Adam brings up several interesting points.  I hold forth on my
particular ideas on this subject from time to time and perhaps it is
time again.  I am not really interesting in the AP-type aspects of the
eternity business myself.  I am of the school of thought that believes
that mother nature (in the form of naive users, thumb-fingered site
admins, backhoe operators, etc) is a tougher opponent than all but the
most determined and well-financed adversaries.  My solution to the
eternity problem is to build a universal file system that robustly
handles all the "ordinary" problems of data delivery and file system
security.  The resulting mechanisms and traffic provide a great haystack
in which to bury the miniscule quantity of really problematic content.

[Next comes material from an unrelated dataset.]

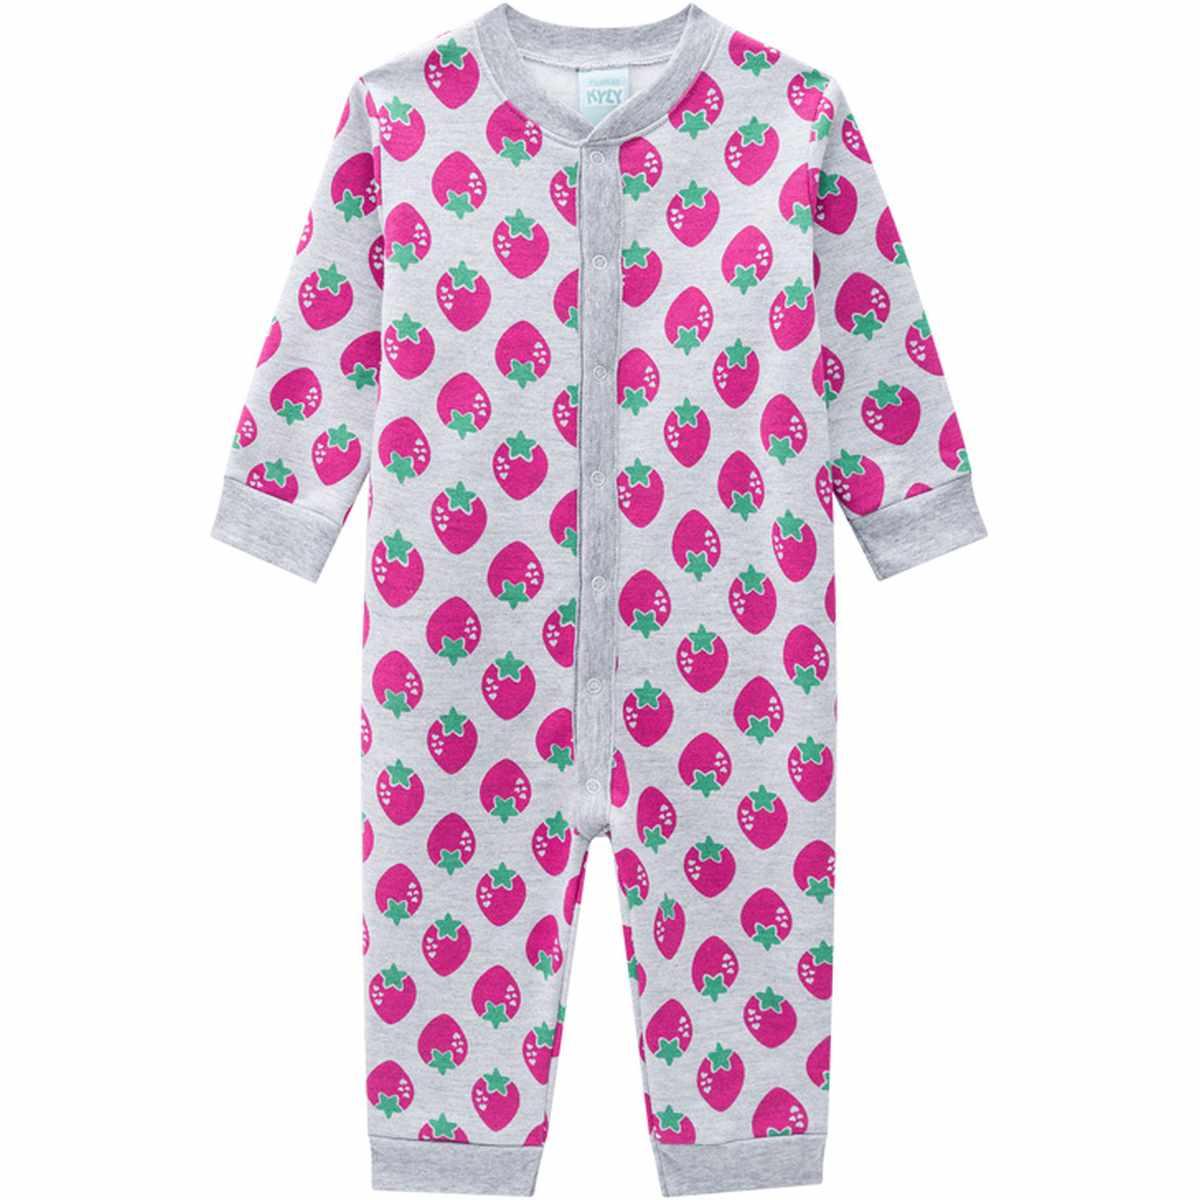 Macacão Pijama Bebê Menina em Moletom Peluciado Mescla White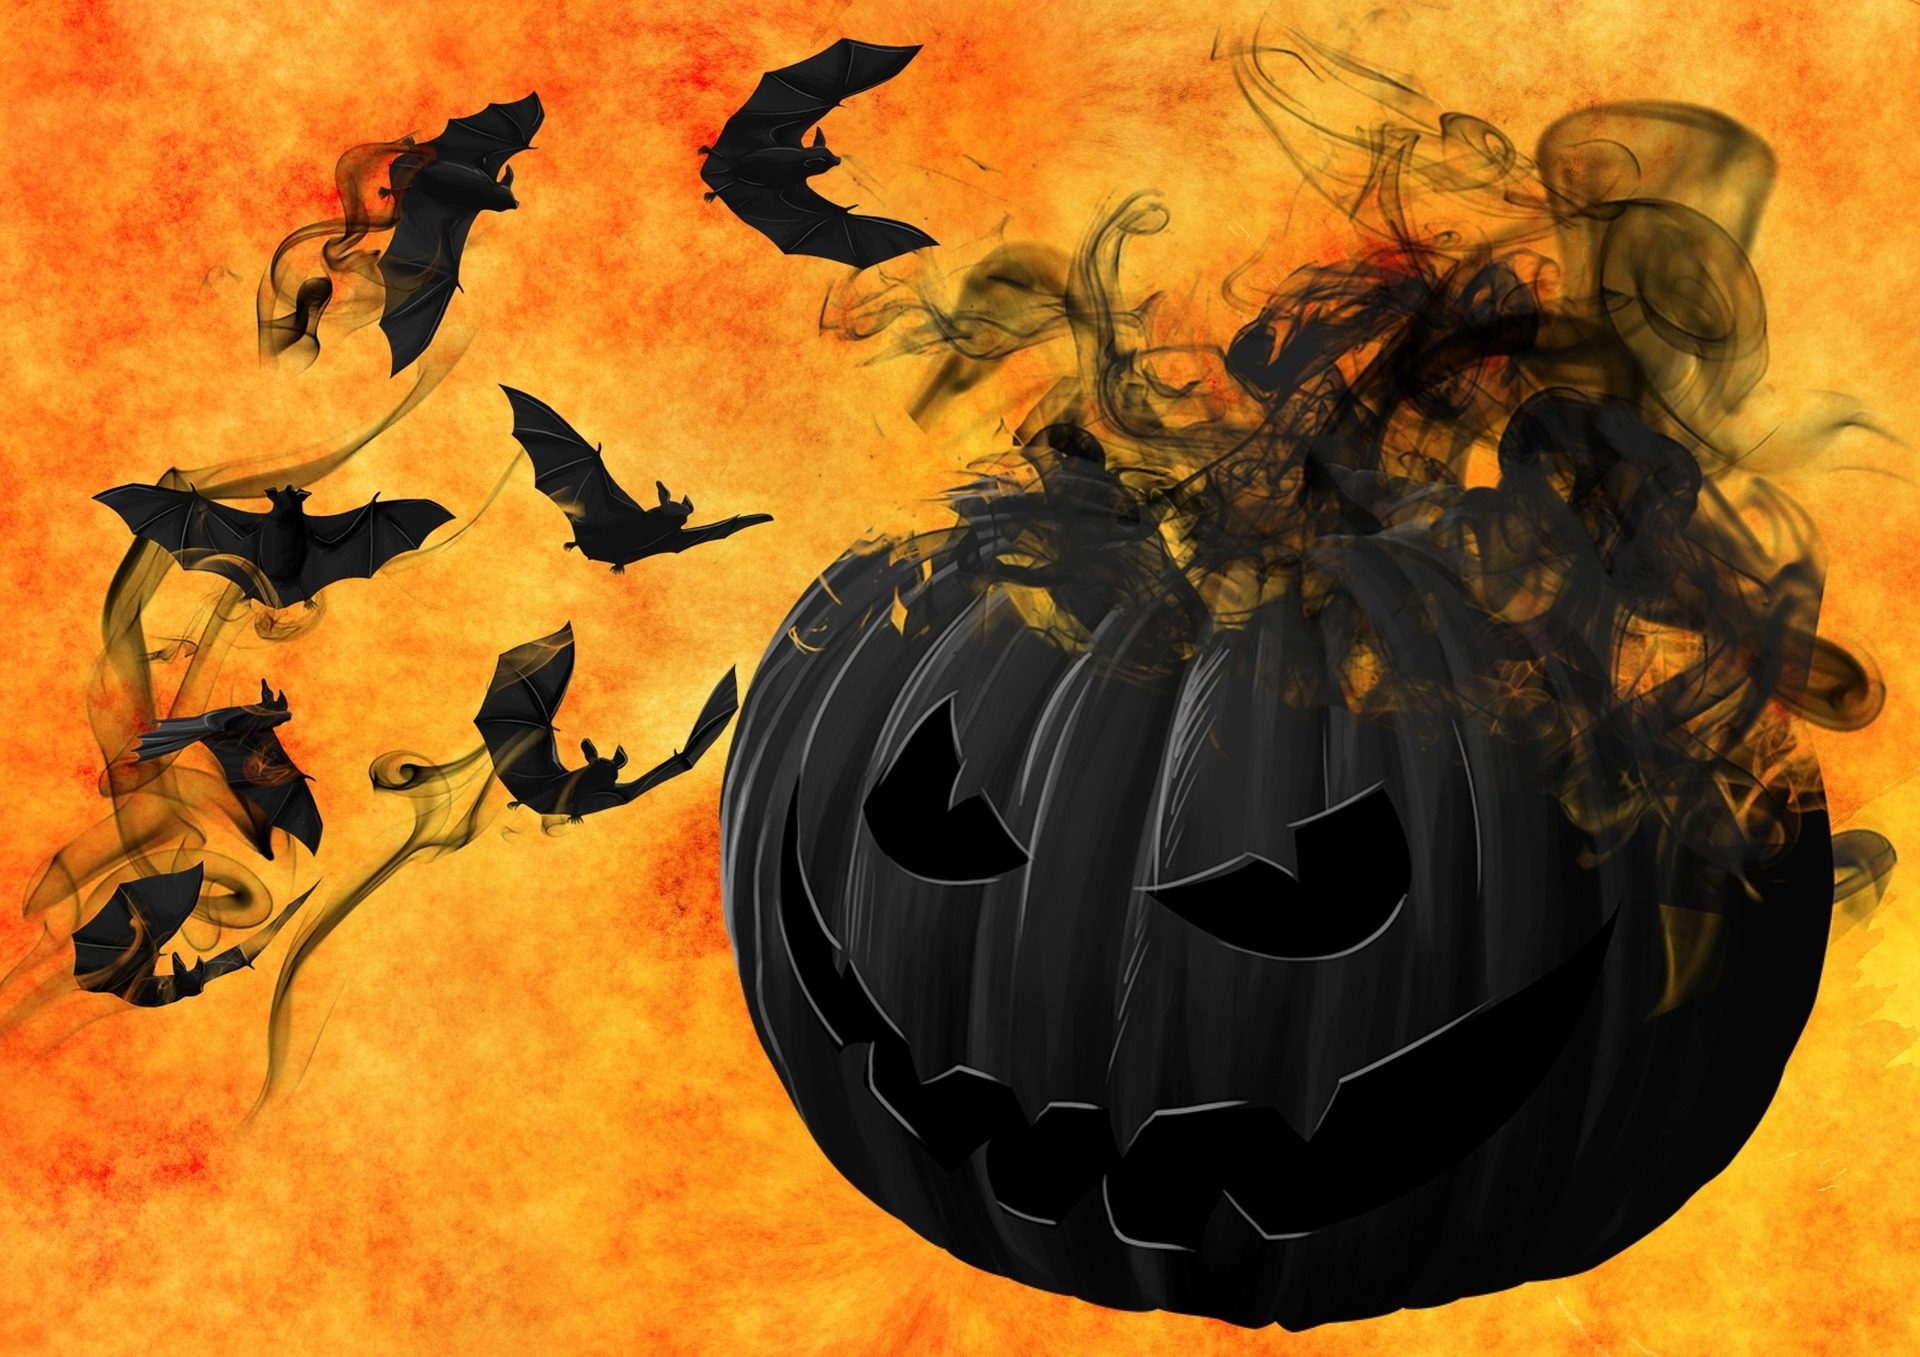 Abóboras, morcegos, fumaça, névoa, assustar, medo, horror, Dia das bruxas - Papéis de parede HD - Professor-falken.com

The primary step is to divide all files into two classes: immutable and
database.  The former consists of almost all regular files; directories
mainly comprise the latter group.  In most cases read/write files are
really just a series of immutable versions of a file that replace each
other as the contents of a particular entry in the namespace.  Write
sharing is accomplished by obtaining the latest version of the file from
the namespace.  For very fine-grained write sharing you need a database.
The premiere example of which is the directories of the namespace
itself.

A result of this split is that access to non-public files is
best controlled by encrypting the data at its source (the producer) and
handing out certificates giving authorized users access to the key.
Write access resides in the namespace: the authority to change the
"meaning" of a name.

A namespace entry points to a file via its file identifier.  The best
thing to use for this identifies is a hash of the file's content (a
cfid).  Except for public data, the hash is taken over the encrypted
content.  This makes the identifier self-signing, so there is never a
question of getting the wrong data.  The consumer looks up the name in a
directory and fetches the file with the specified cfid.  If the received
bytes have the correct hash, it is the file the producer wrote.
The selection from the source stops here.